Figure 3. ROC curve of TNF-α and fecal calprotectin in the diagnosis of SAE. ROC, receiver operating characteristic curve; SAE, sepsis-associated encephalopathy.

4 Discussion

During sepsis, the brain has high oxygen consumption and poor antioxidant and anti-inflammatory capabilities, and the central nervous system is susceptible to damage mediated by oxidative and inflammatory processes. Therefore, up to 70% of patients with sepsis will progress to SAE (14, 15). The pathogenesis of SAE is complex and likely involves multiple factors. Numerous pathological processes occur in parallel and influence each other, each playing a specific role in the development of SAE (16, 17). To date, several pathogenic mechanisms have been identified: oxidative stress, direct nerve damage, and an increase in the level of inflammatory factors (18–20).

During the early stages of septic inflammation, a waterfall-like inflammatory response occurs with the release of a large number of inflammatory mediators. Of the many inflammatory mediators secreted, TNF-α plays a crucial role in the development of severe infection. LPS stimulates monocytes to secrete a large amount of TNF-α, which leads to a significant increase in the concentration of serum TNF-α in sepsis patients. The concentration of TNF-α is associated with the severity of sepsis and prognosis; the higher the TNF-α level, the more critical the condition (6, 21).

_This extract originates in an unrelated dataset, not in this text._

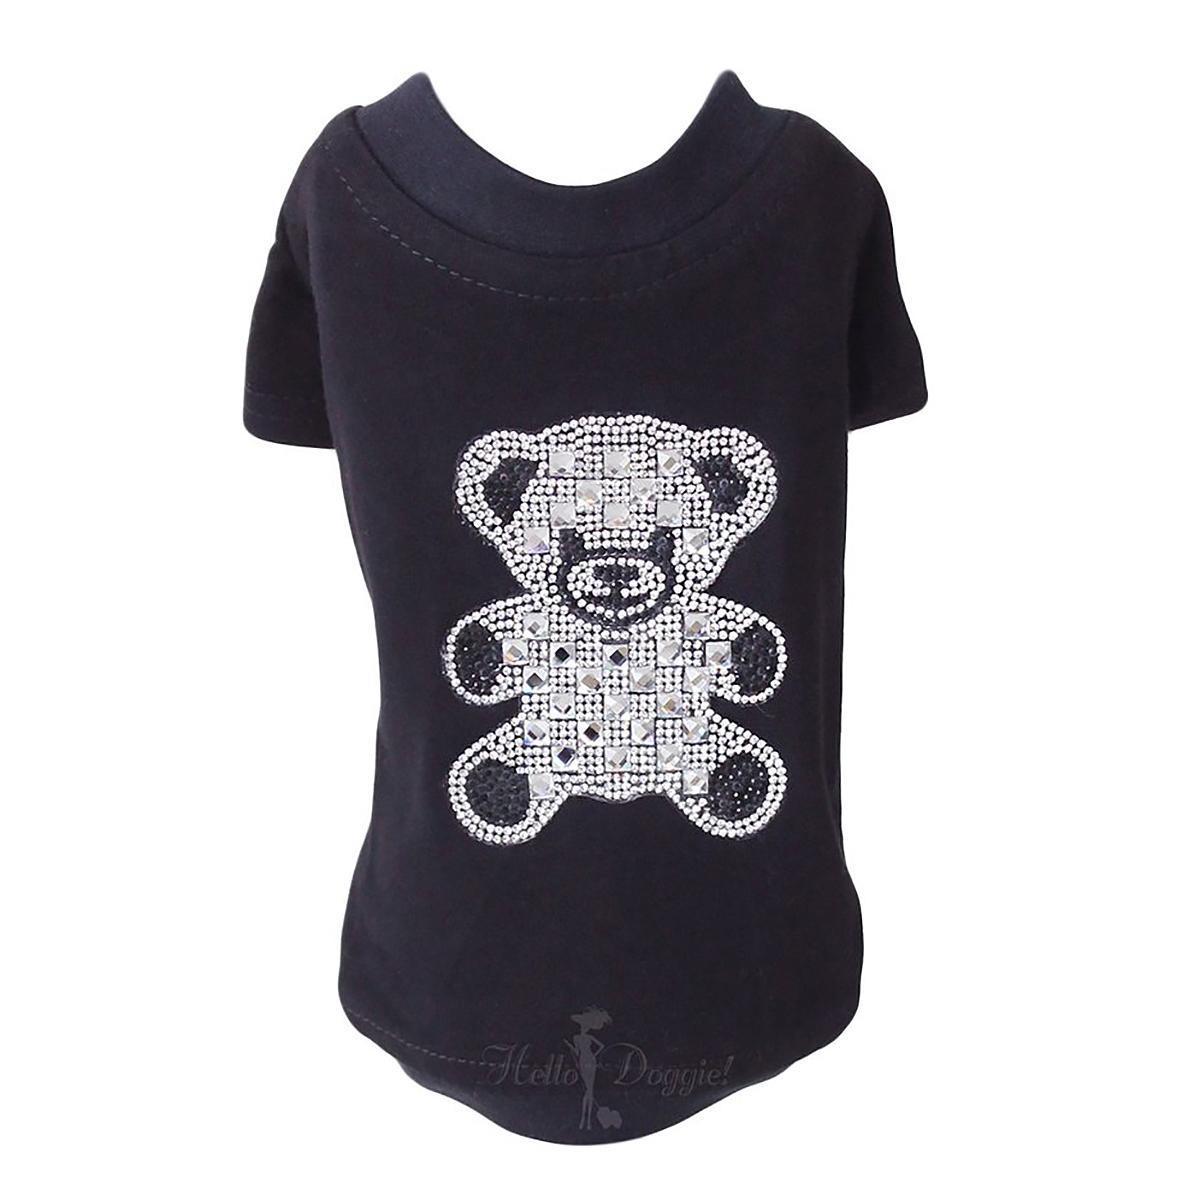 Teddy Bear Dog T-Shirt by Hello Doggie - Black

TNF-α participates in the inflammatory response of SAE. The primary mechanism of TNF-α is to mediate the infiltration of neutrophils in brain tissue and initiate a waterfall-like inflammatory response triggered by a variety of inflammatory factors. TNF-α is highly expressed in the host and plays an important role in the early inflammation stages of sepsis (22). In this study, we found that the TNF-α level of the SAE group was significantly higher than that of the non-SAE sepsis group. Given that TNF-α has a direct causal relationship with the aggravation of brain tissue damage, we speculate that TNF-α mediated the increase in neutrophil infiltration, which led to greater inflammation, the consequent occurrence of SAE and ultimately a high expression of TNF-α.

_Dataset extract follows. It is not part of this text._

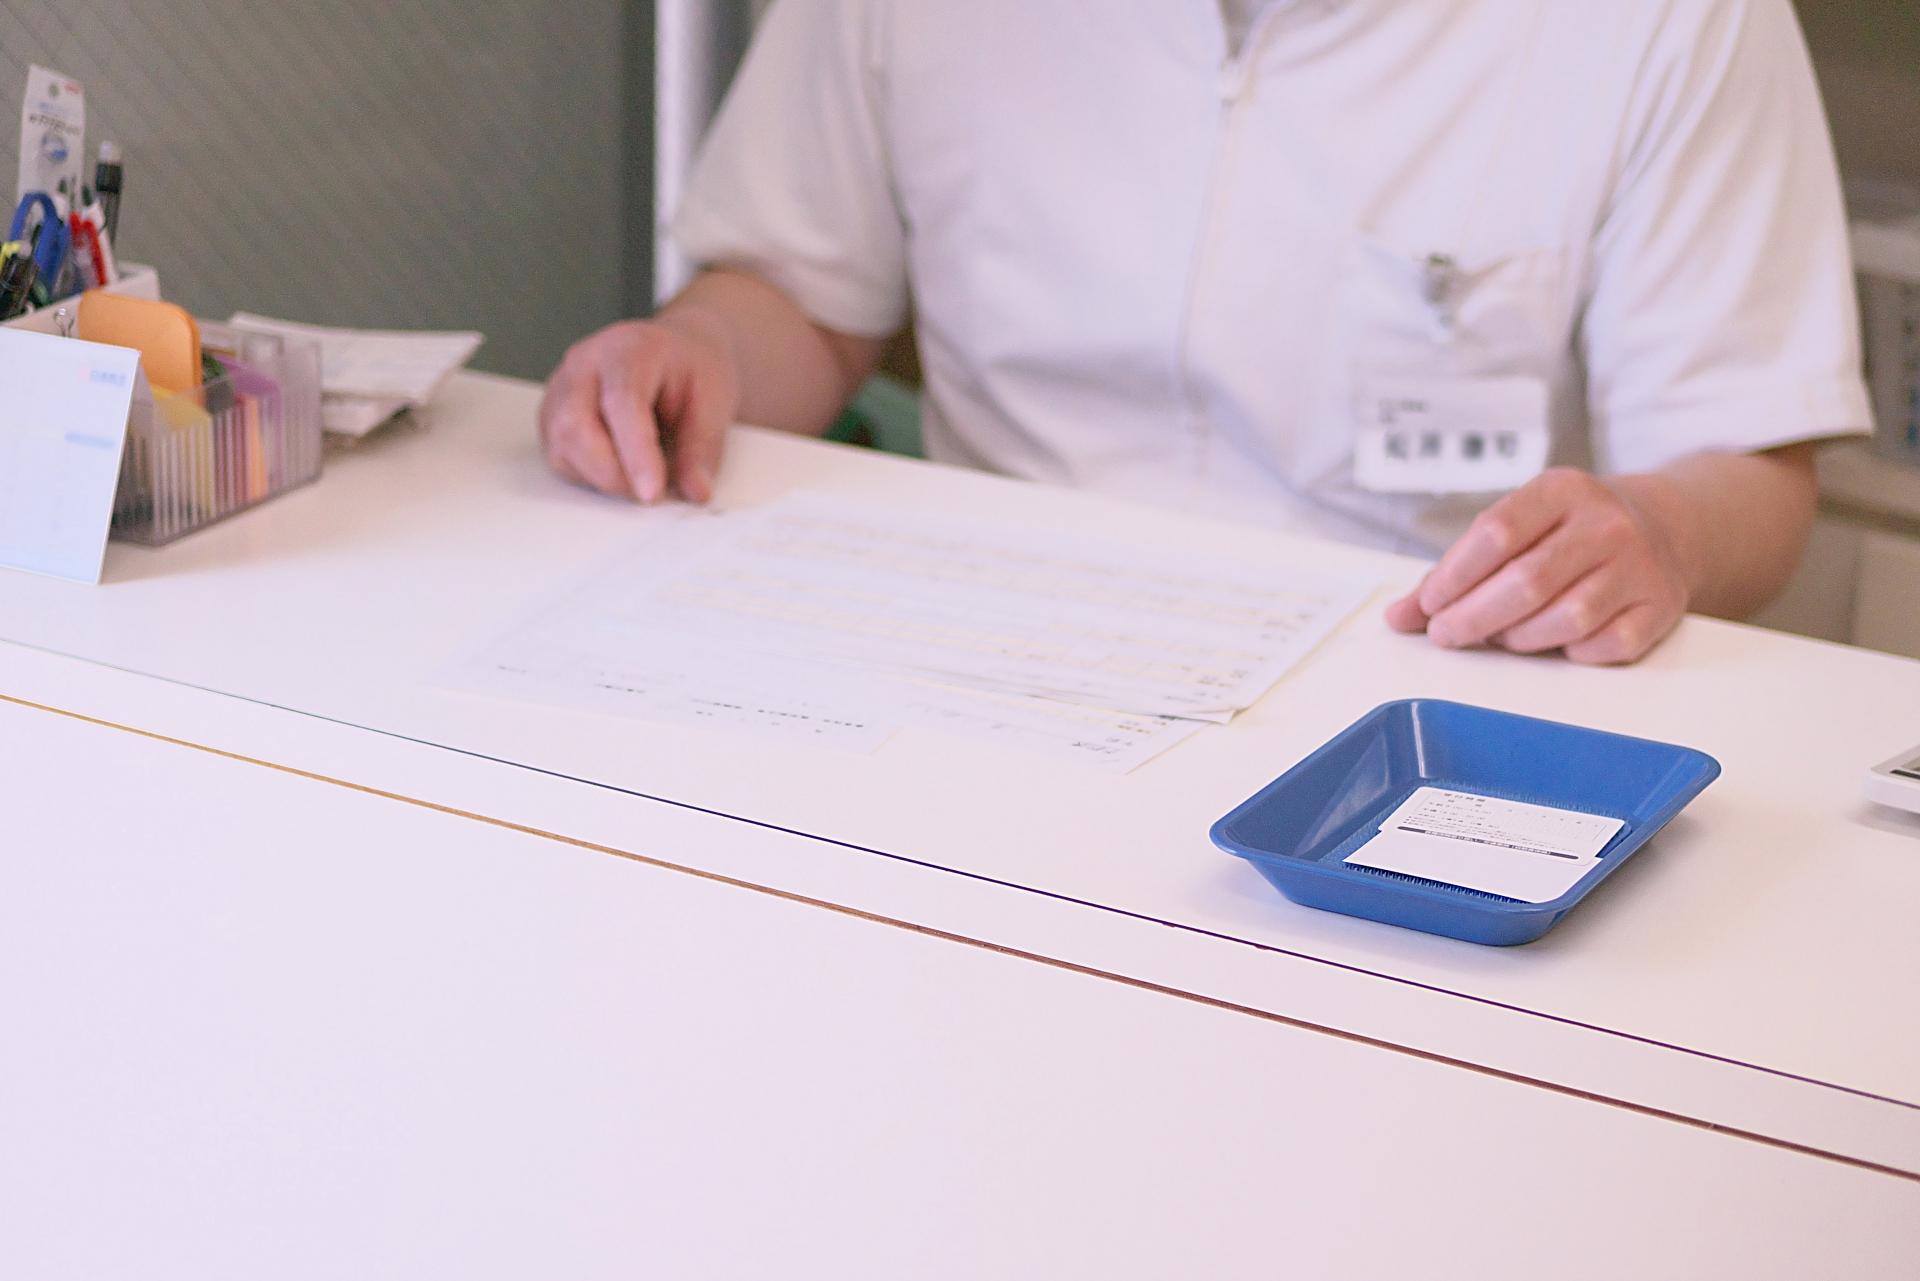 柔道整復 鍼灸 あん摩マッサージ指圧 療養費料金改定 運用開始

Calprotectin is a protein derived from neutrophils and monocytes. It is widely distributed in human cells, tissues and bodily fluids, and it can be detected in serum, feces and other specimens (23). Calprotectin has been shown to be involved in the occurrence of SAE. The primary mechanism of calprotectin is the regulation of cytokine secretion via the nuclear factor kappa B pathway and the induction of the transcription of pro-inflammatory factors (e.g., TNF-α, interleukin-6 and interleukin-8), which results in a significant increase in serum TNF-α level and the occurrence of SAE (24, 25). In this study, we showed that the level of fecal calprotectin was significantly higher in the SAE group than in the non-SAE sepsis group, and the calprotectin level was closely related to the occurrence of sepsis or SAE. In addition, the levels of fecal calprotectin and TNF-α were significantly higher in patients in the SAE group than in the non-SAE sepsis group, which was mirrored by the mortality rate. This indicated that both TNF-α and calprotectin are predictive of patient prognosis. We also found high specificity and sensitivity for SAE diagnosis for the combined measure of TNF-α and fecal calprotectin levels.

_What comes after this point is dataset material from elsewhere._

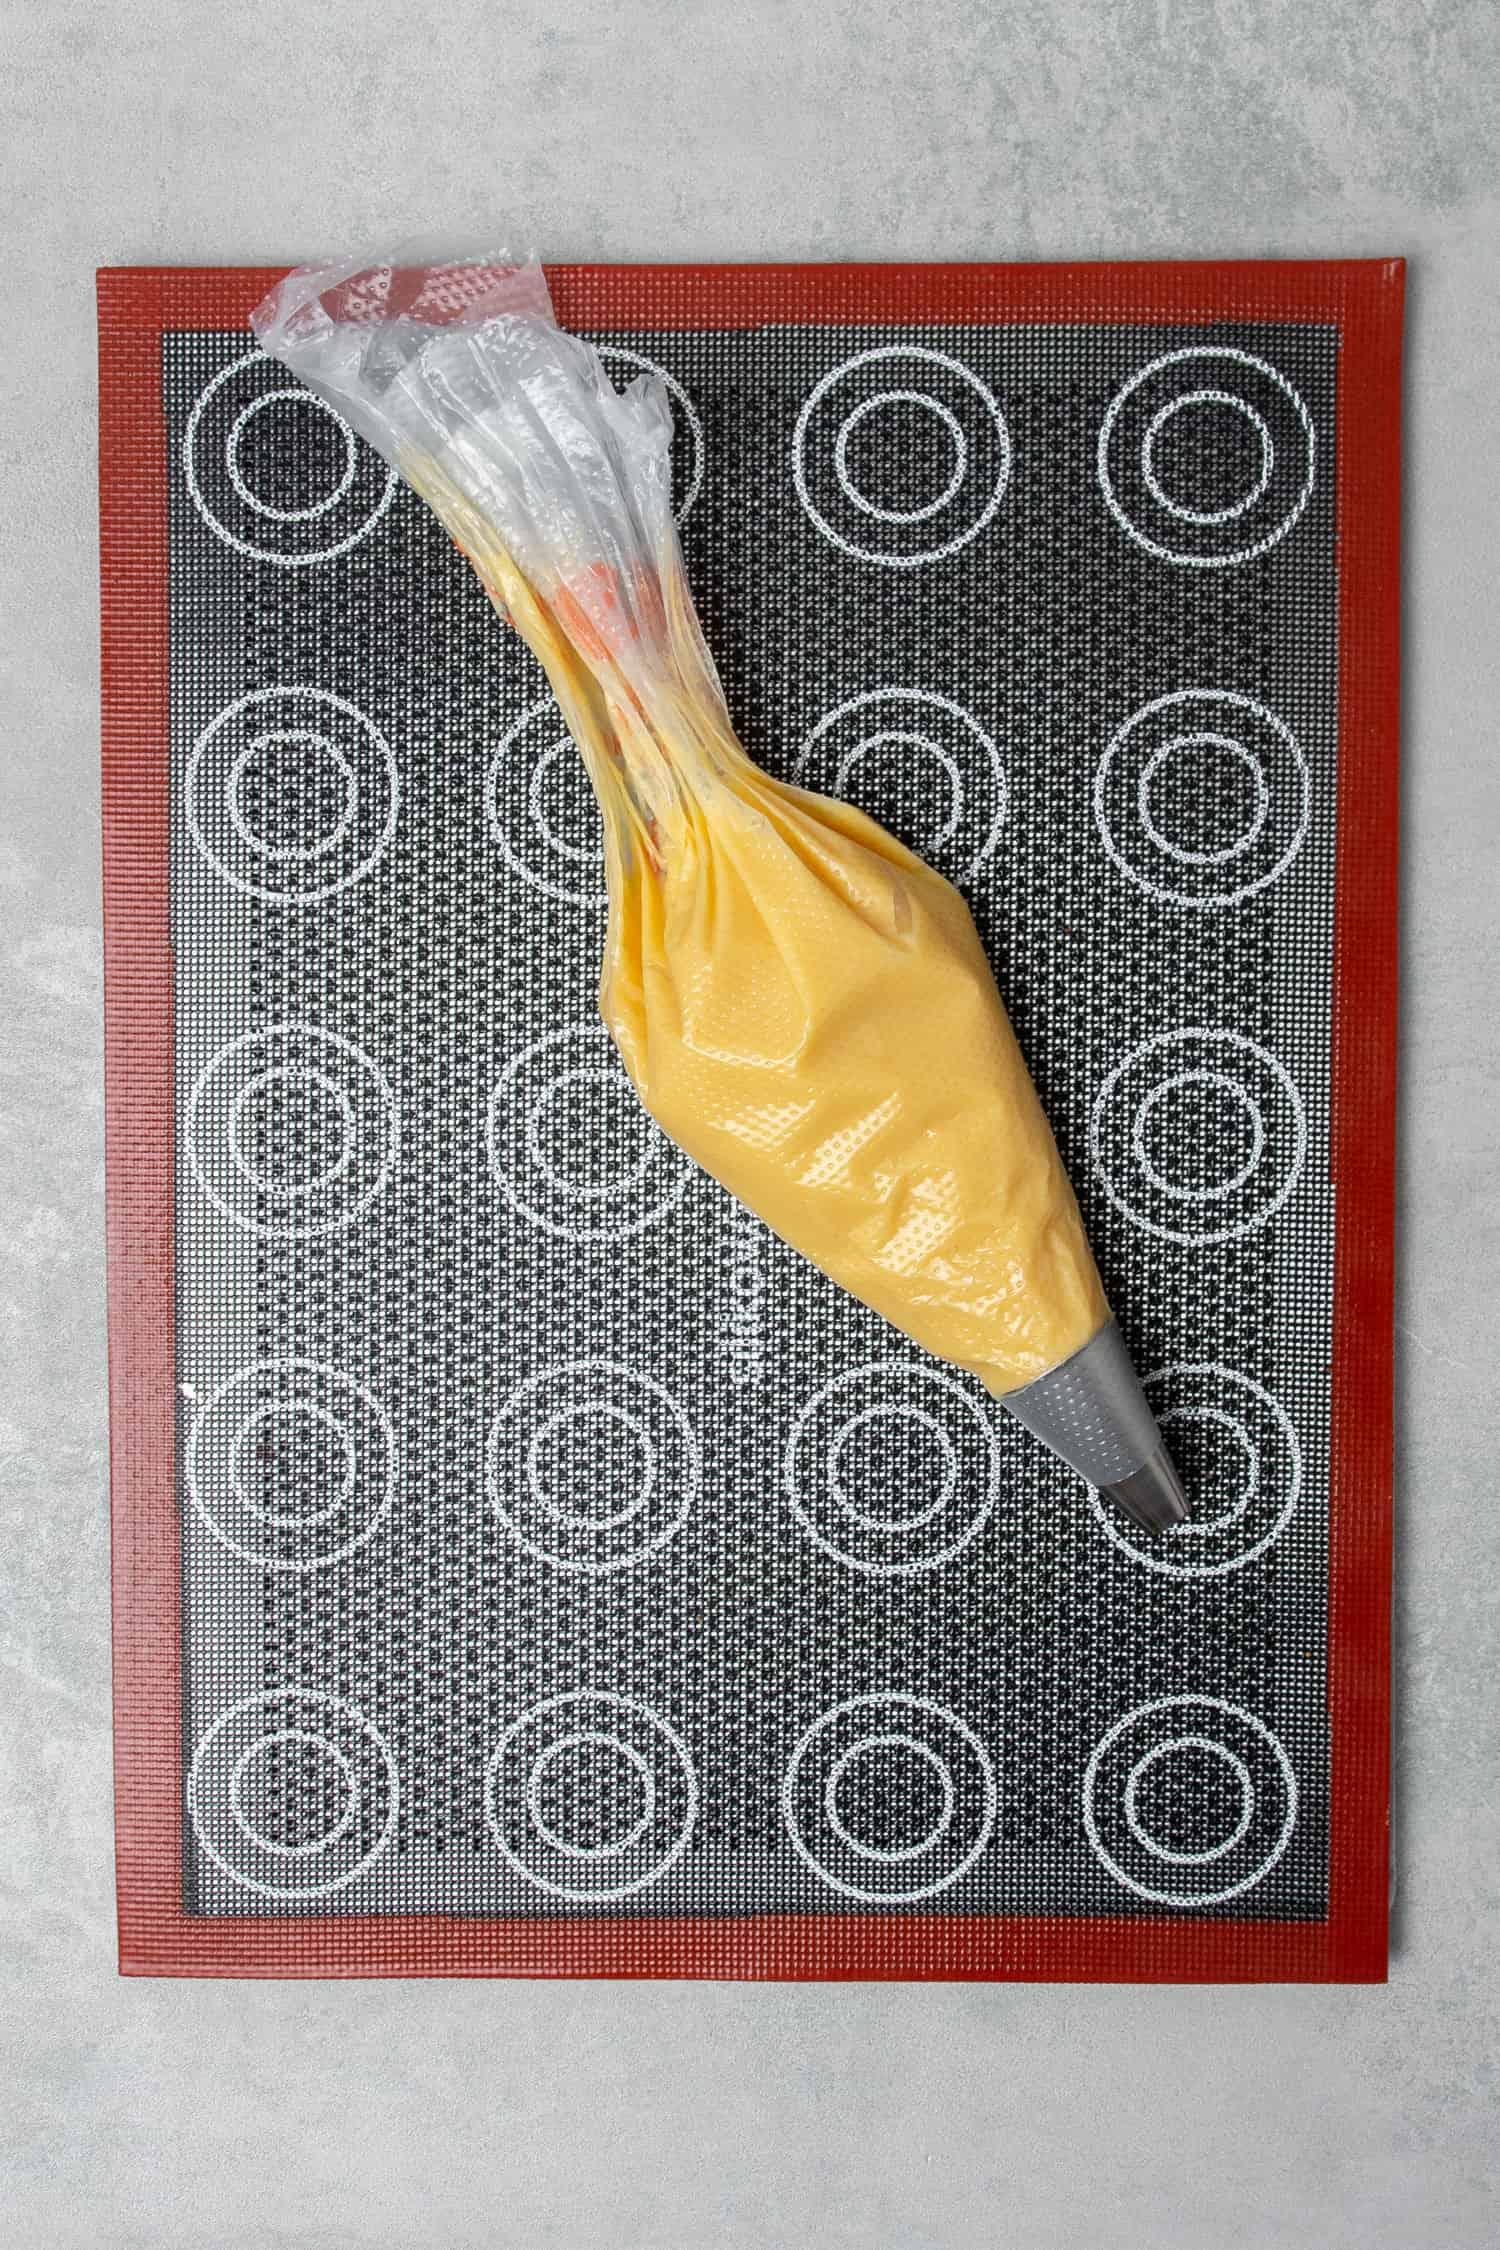 Crème Brûlée Choux au craquelin process

In this study, we compared the clinical characteristics and outcomes of sepsis patients with and without SAE. We found that patients in the SAE group had significantly higher APACHE II scores, SOFA scores, and 28-day mortality rates compared to the non-SAE group. These findings are consistent with previous research indicating that SAE is associated with worse prognosis in sepsis.

However, a direct comparison of our findings with existing literature reveals that there is a lack of uniformity in the cut-off values used across different studies for severity scoring systems. For instance, studies have reported varying thresholds for APACHE II scores in predicting poor outcomes. Yoon et al. (26) suggested that a cut-off value of 20, the APACHE II score predicted poor neurologic outcomes with a sensitivity of 43.75%, a specificity of 94.12%, a positive predictive value of 94.59%, and a negative predictive value of 41.56%. Similarly, found that SOFA scores ≥15 were strongly correlated with higher ICU mortality (27), especially in patients with multiple organ dysfunction. In our study, although we did not define specific cut-off points, the SAE group consistently had higher median scores, suggesting a more severe disease course.

In terms of predictive performance, the discriminative power of APACHE II and SOFA scores has been widely evaluated using the AUROC. In several studies, the AUROC for APACHE II in predicting mortality in sepsis ranged from 0.70 to 0.85 (28, 29), while SOFA scores often demonstrated AUROC values between 0.80 and 0.91 (30). Though AUROC values were not directly calculated in our study, the significant differences observed between the SAE and non-SAE groups support the established evidence of these scoring systems' prognostic value.

Additionally, some studies have investigated the combined use of scoring systems to enhance predictive accuracy. Combining APACHE II and SOFA scores improved the AUROC to 0.88 (31), outperforming either score used independently. This suggests that future studies should explore integrated scoring models for better stratification of septic patients, particularly those at risk of developing SAE.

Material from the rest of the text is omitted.